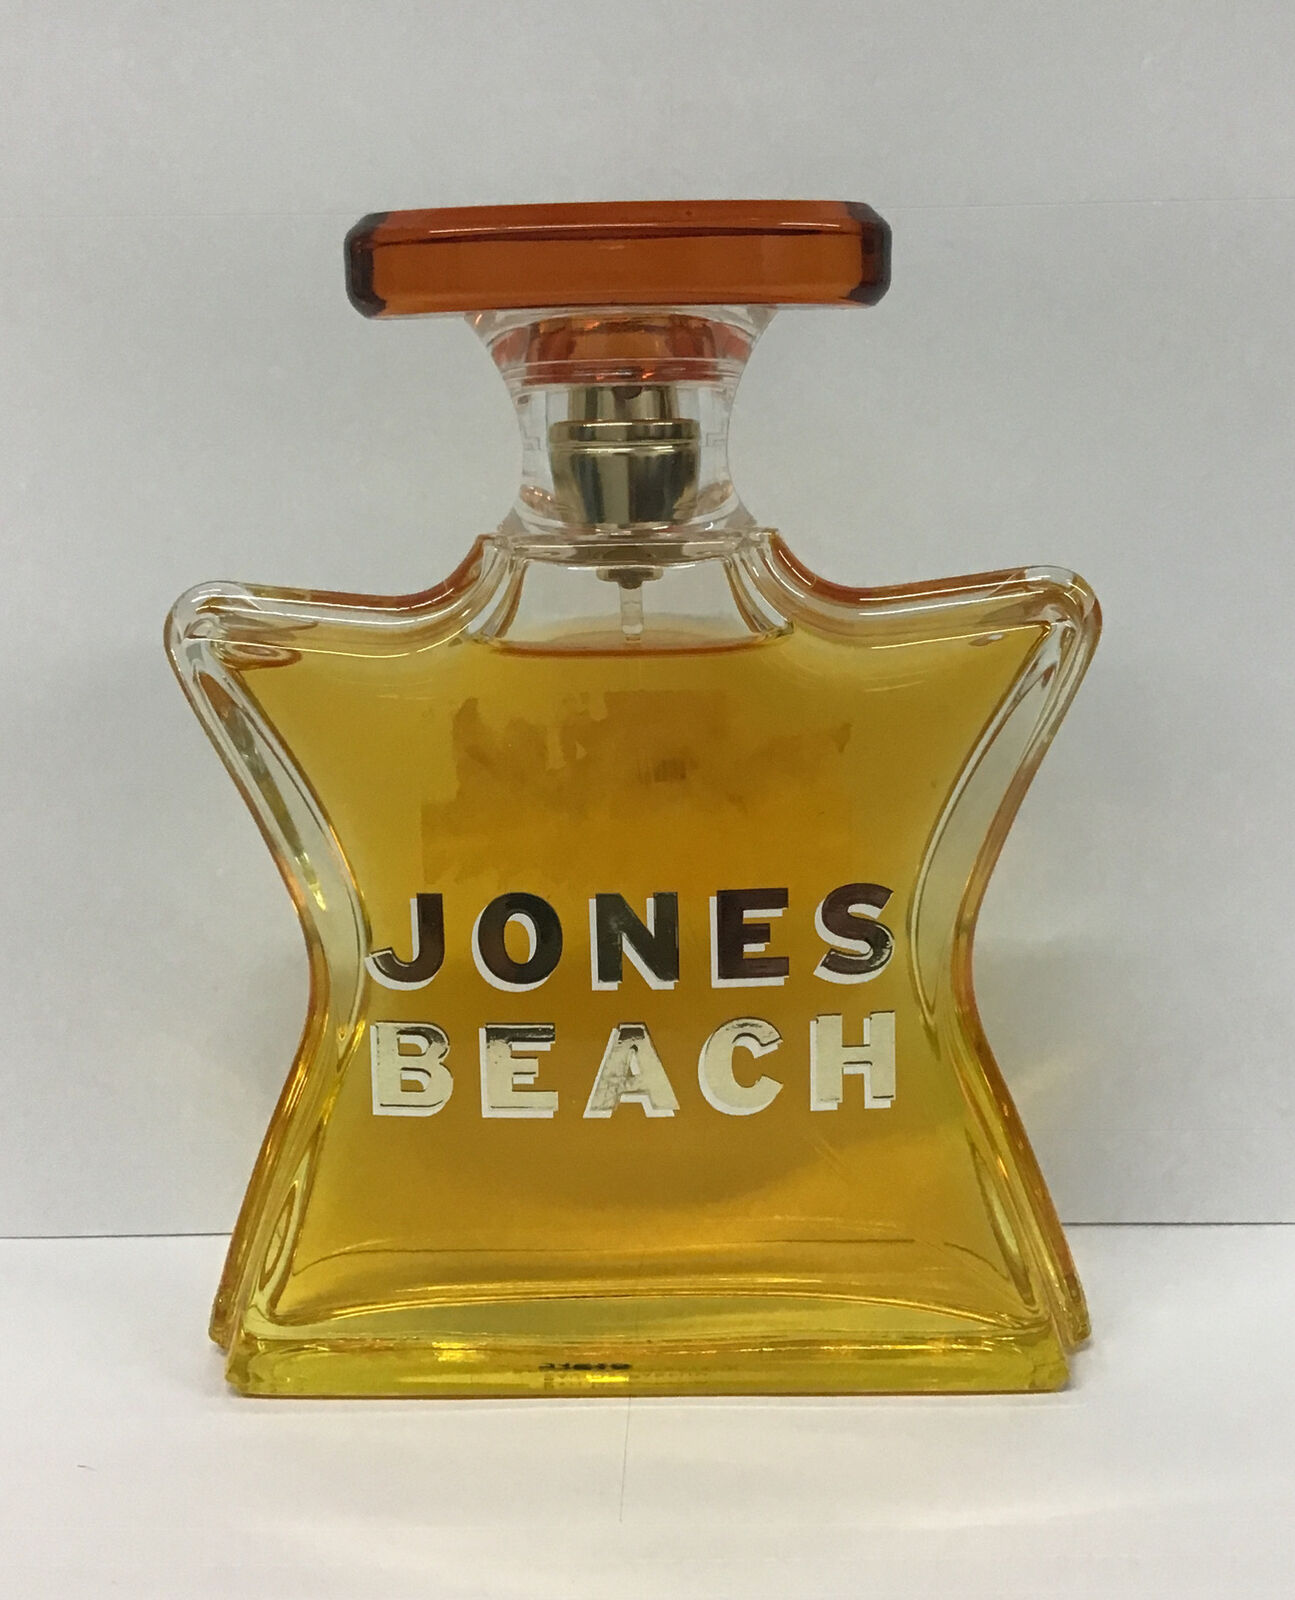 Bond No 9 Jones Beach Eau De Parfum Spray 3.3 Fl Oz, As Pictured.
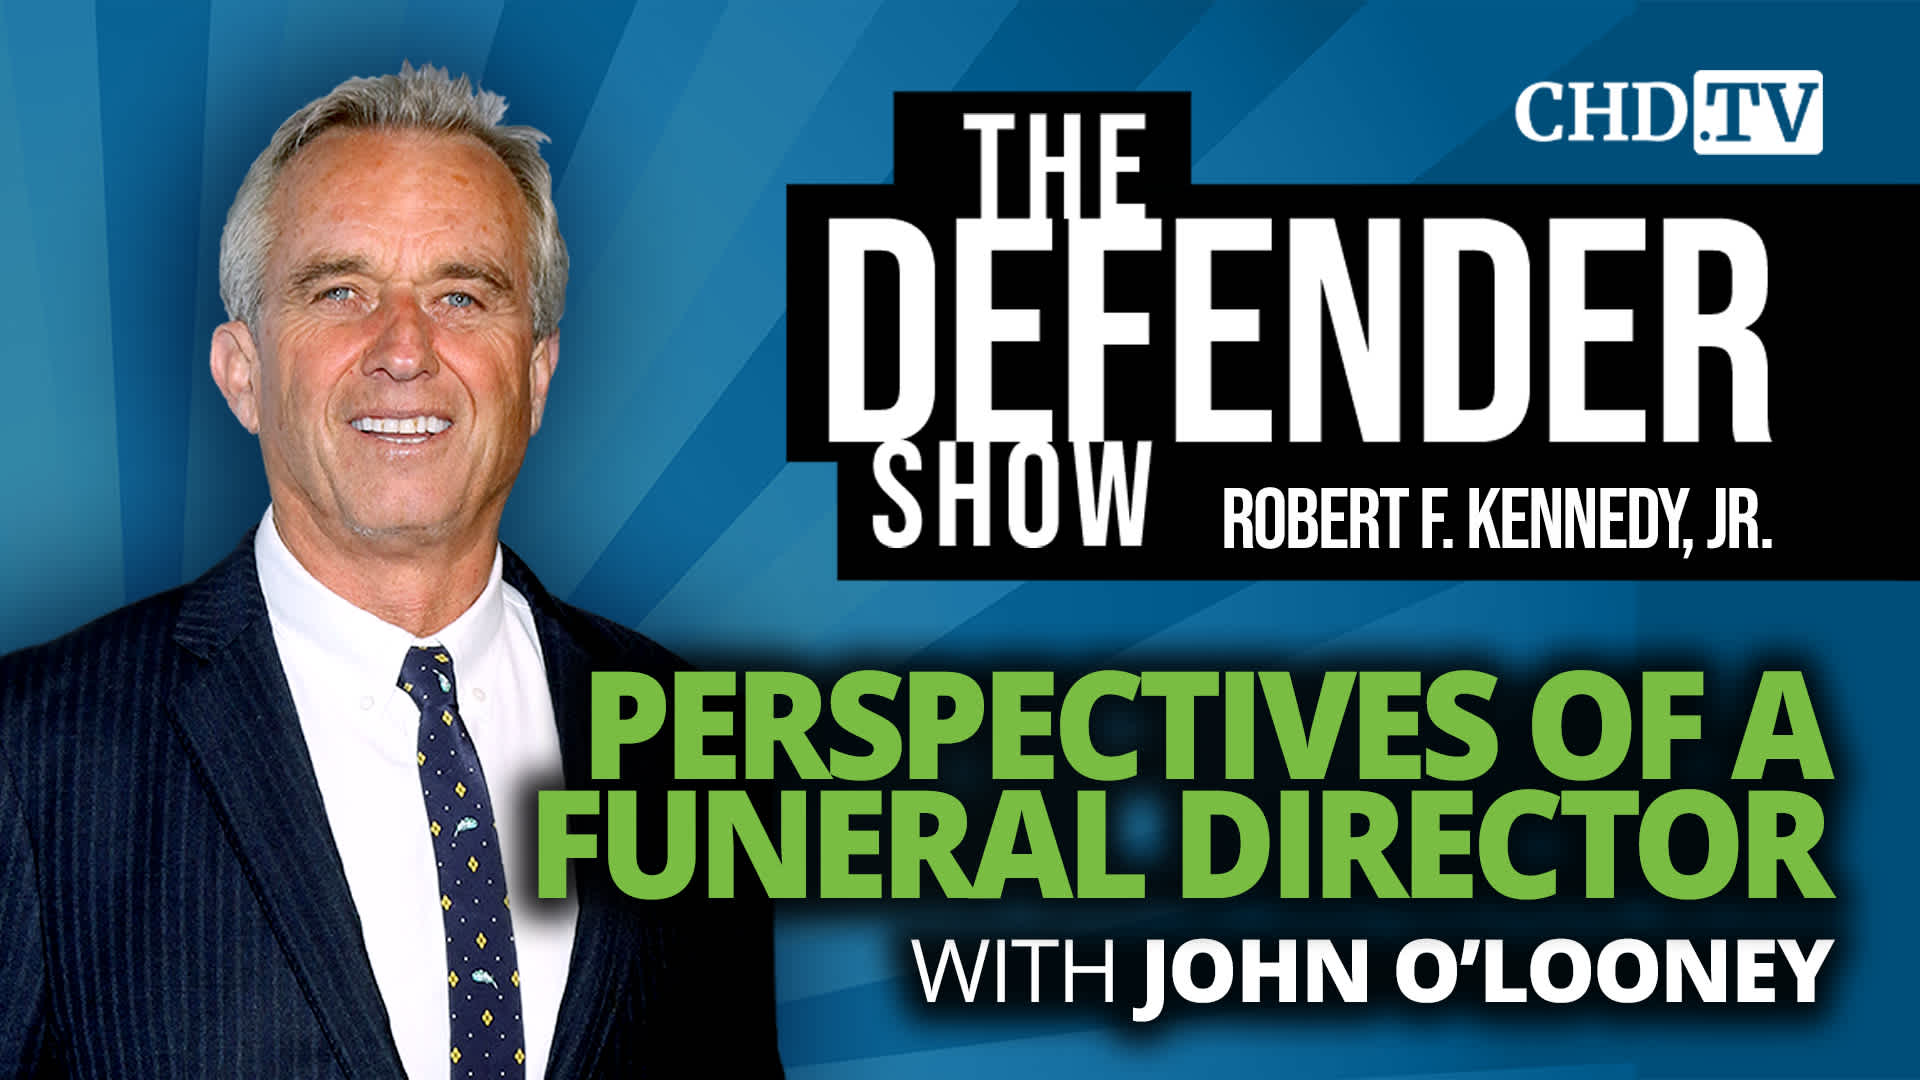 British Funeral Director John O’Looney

* * *

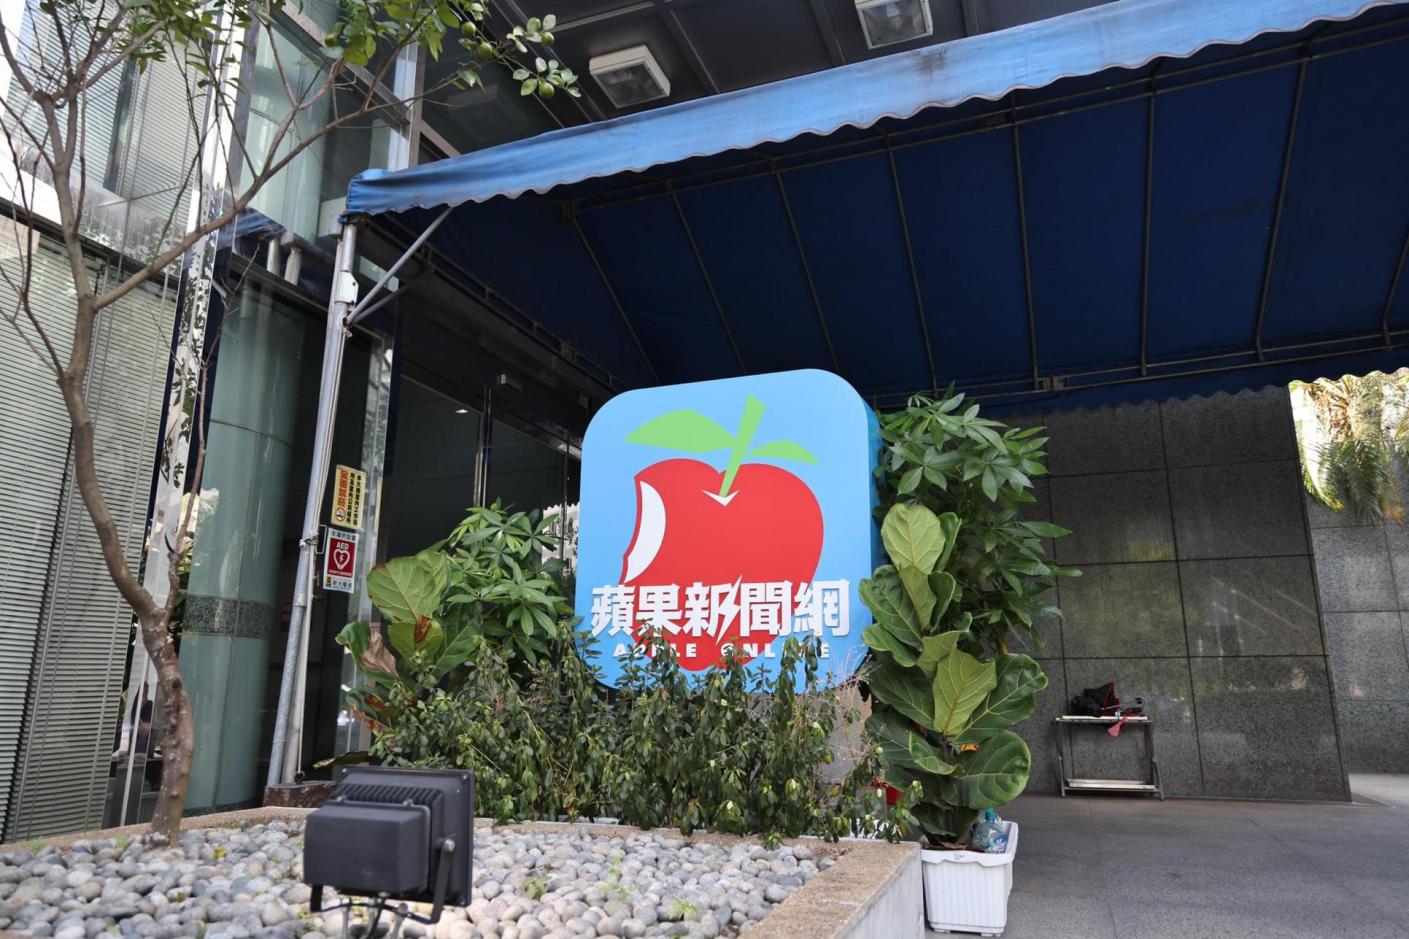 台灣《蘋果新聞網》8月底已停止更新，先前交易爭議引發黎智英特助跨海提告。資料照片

--

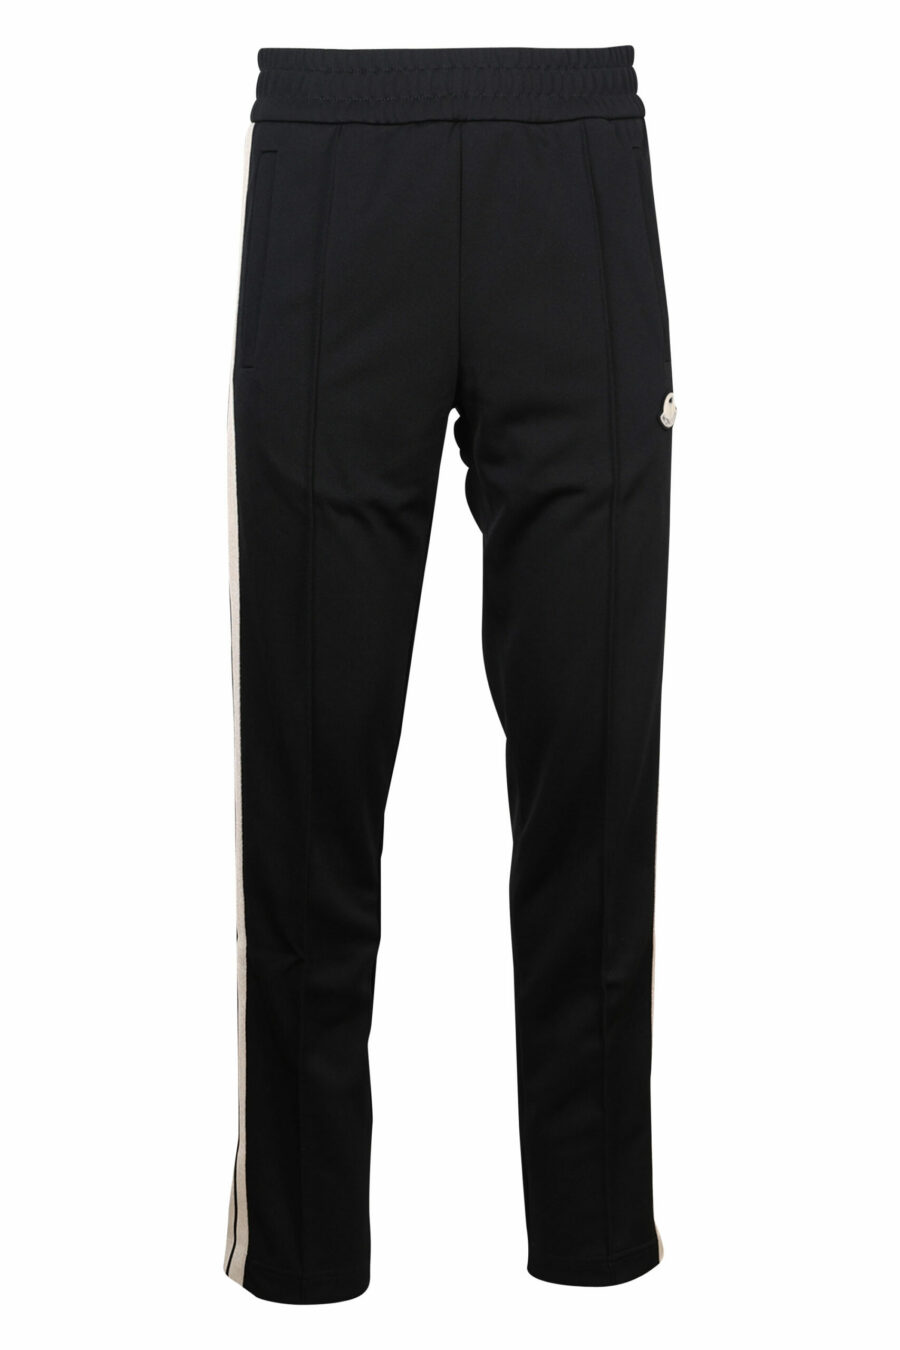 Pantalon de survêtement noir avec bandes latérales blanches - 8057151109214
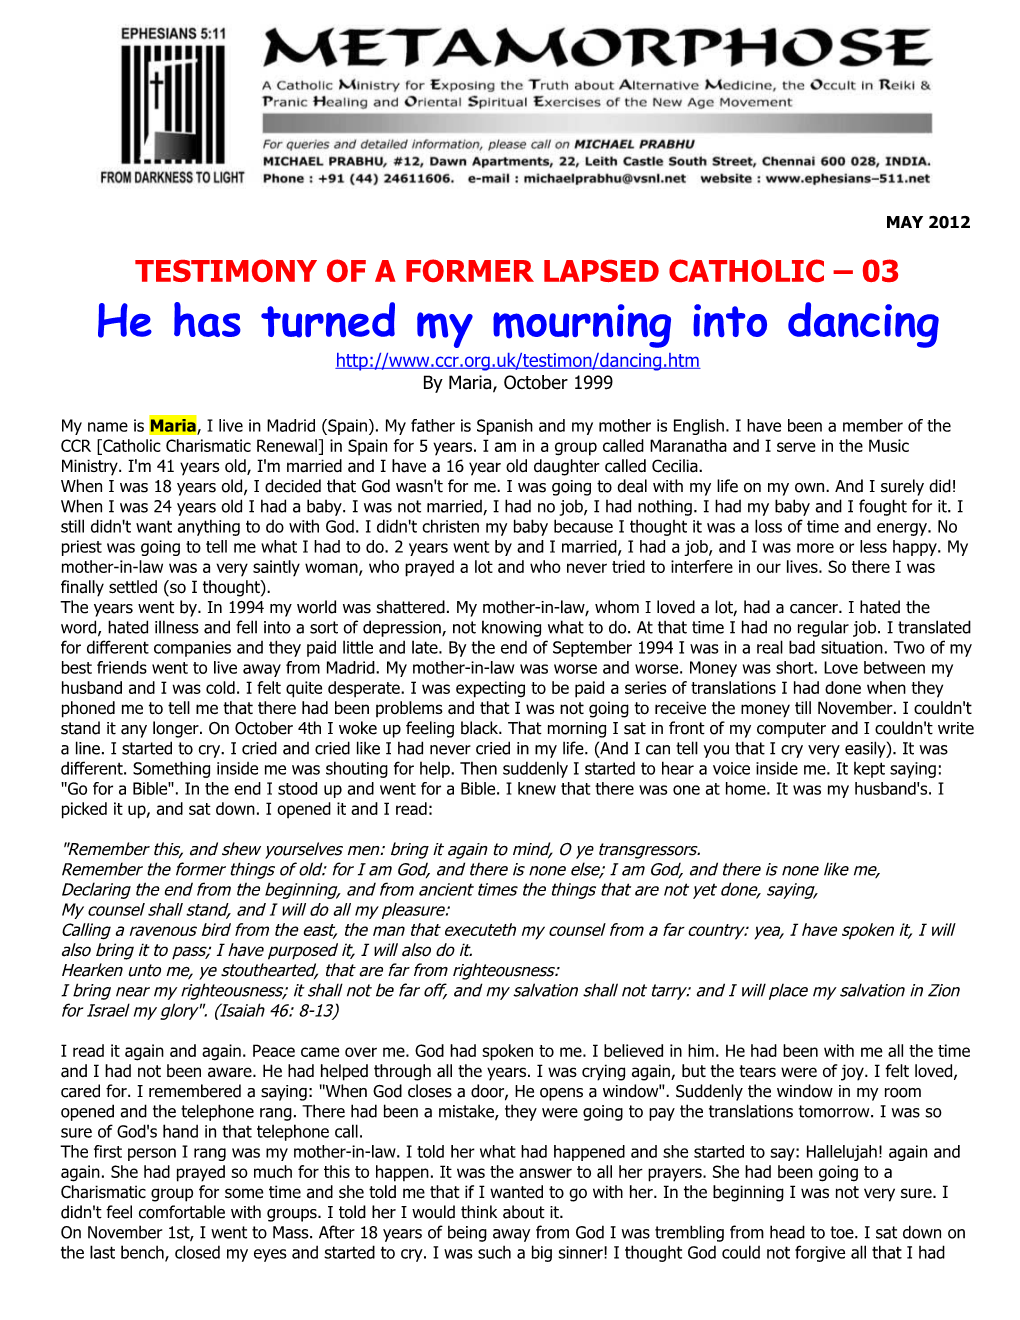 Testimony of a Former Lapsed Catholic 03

> Requirement: Return exactly the lines that appear in the data above between the line containing "Bond No 9 Jones" and the line containing "British Funeral Director John O’Looney", both of which are included, and leave the pictures out.

> Solution to the exercise:
 Bond No 9 Jones Beach Eau De Parfum Spray 3.3 Fl Oz, As Pictured.
 British Funeral Director John O’Looney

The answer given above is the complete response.